Choose a reason for hiding this comment

The reason will be displayed to describe this comment to others. Learn more.

Codex Review: Here are some suggestions.

Reply with @codex fix comments to fix any unresolved comments.

About Codex in GitHub

Your team has set up Codex to review pull requests in this repo. Reviews are triggered when you open a pull request for review, mark a draft as ready, or comment "@codex review". If Codex has suggestions, it will comment; otherwise it will react with 👍.

Codex can also answer questions or update the PR. Try commenting "@codex fix this CI failure" or "@codex address that feedback".

Comment on lines +110 to +118
# Remove all null values to comply with JSON Schema Draft 2020-12
# This prevents LLM providers from rejecting schemas with null values
keys_to_remove = []
for key, value in json_schema.items():
if value is None:
keys_to_remove.append(key)

for key in keys_to_remove:
json_schema.pop(key)

Choose a reason for hiding this comment

The reason will be displayed to describe this comment to others. Learn more.

[P1] Preserve strictness when additionalProperties is None

The new loop removes every key whose value is None. For object schemas that arrive with "additionalProperties": None, the earlier branch that defaults objects to additionalProperties=False is skipped because the key is present. After this block runs, the key is popped entirely, so the returned schema has no additionalProperties entry and therefore permits extra properties by default. This regresses the purpose of ensure_strict_json_schema, which should always disallow additional fields. Consider treating None as “not provided” before the object-type check or coercing it to False rather than dropping the key.

Useful? React with 👍 / 👎.

Copy link
Contributor Author

Choose a reason for hiding this comment

The reason will be displayed to describe this comment to others. Learn more.

Good catch

@seratch
Copy link
Member

seratch commented Sep 12, 2025

I am not yet fully confident about having this change. It may break anything that are not mentioned here.

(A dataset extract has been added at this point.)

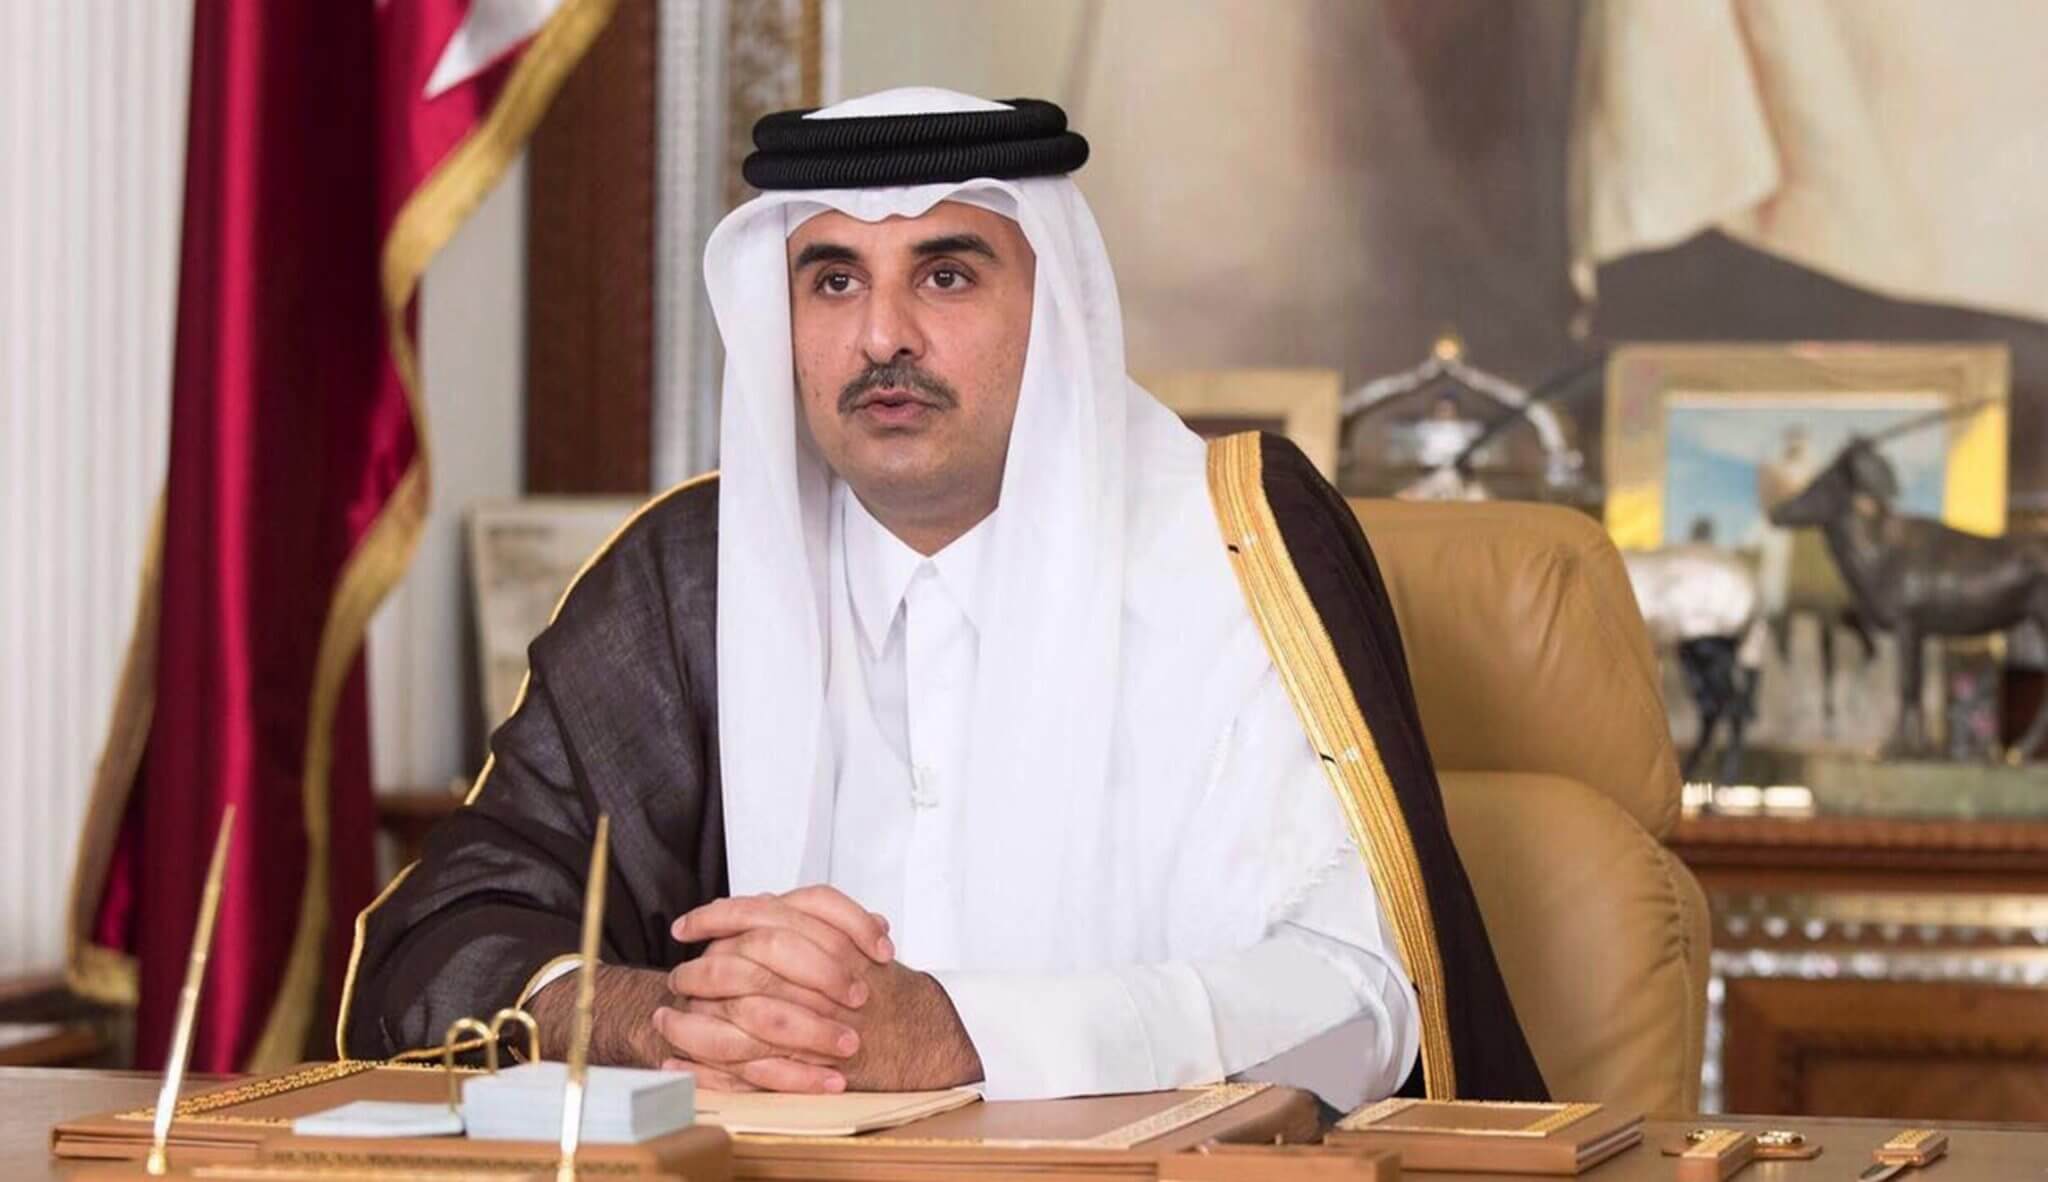 قطر اپنے خلاف گلف ریاستوں کی پابندیوں کے خاتمے کے بدلے میں اسرائیل سے تعلقات قائم کرنے پر راضی

I asked ChatGPT and got some suggestions. I don't follow these blindly, but just wanted to share it first. We may want to continue discussing and doing some research on a viable solution.

Recommendations for ensure_strict_json_schema (null-removal)

Context (short)

The current implementation recursively walks a generated JSON Schema and removes keys whose value is None to avoid provider rejections (e.g., JSON schema is invalid. It must match JSON Schema draft 2020-12). This approach fixes many provider validation failures (especially when None appears as default or metadata), but a blanket removal of all key: null has some risks for legitimate schemas.

Recommendation summary

  1. Narrow the deletion rule: Do not remove every key: None. Instead remove None only for a conservative allowlist of metadata/annotation keys that are safe to drop. Suggested allowlist:

    title, description, examples, default, $comment
    
  2. Preserve validation keywords that can be legitimately null: Do not remove keywords such as const (e.g., {"const": null} is a valid constraint) or other validation keywords where null is meaningful.

  3. Filter None entries inside arrays: For composition keywords (anyOf, oneOf, allOf), filter out None entries and non-dict entries before recursing. This prevents TypeErrors and handles generators that leave None in lists.

  4. Offer a non-destructive mode: Provide an optional inplace: bool = True parameter. When inplace=False, operate on a deep copy so callers that expect the original schema preserved are not surprised.

  5. Add explicit tests for corner cases: Include unit tests for const: None, enum containing null, anyOf: [None, {...}], default: None, and $ref + sibling-key combinations.

  6. Optional: logging for removals: Consider emitting debug logs that list removed keys (only at debug level) to help detect surprising removals during development.

Why this approach

  • Fixes the immediate problem: Most Pydantic-generated schemas that cause provider rejections have None only in annotation fields like default and description. Removing those keys resolves provider validation errors while preserving validation semantics.
  • Avoids breaking legitimate schema semantics: Some JSON Schema keywords can validly be null. A careful allowlist preserves intended validation behavior (e.g., const: null).

Minimal safe code sketch

Below is an illustrative patch replacing blanket removal with an allowlist-based removal and filtering None-entries from composition arrays. (Adapt variable names to your codebase.)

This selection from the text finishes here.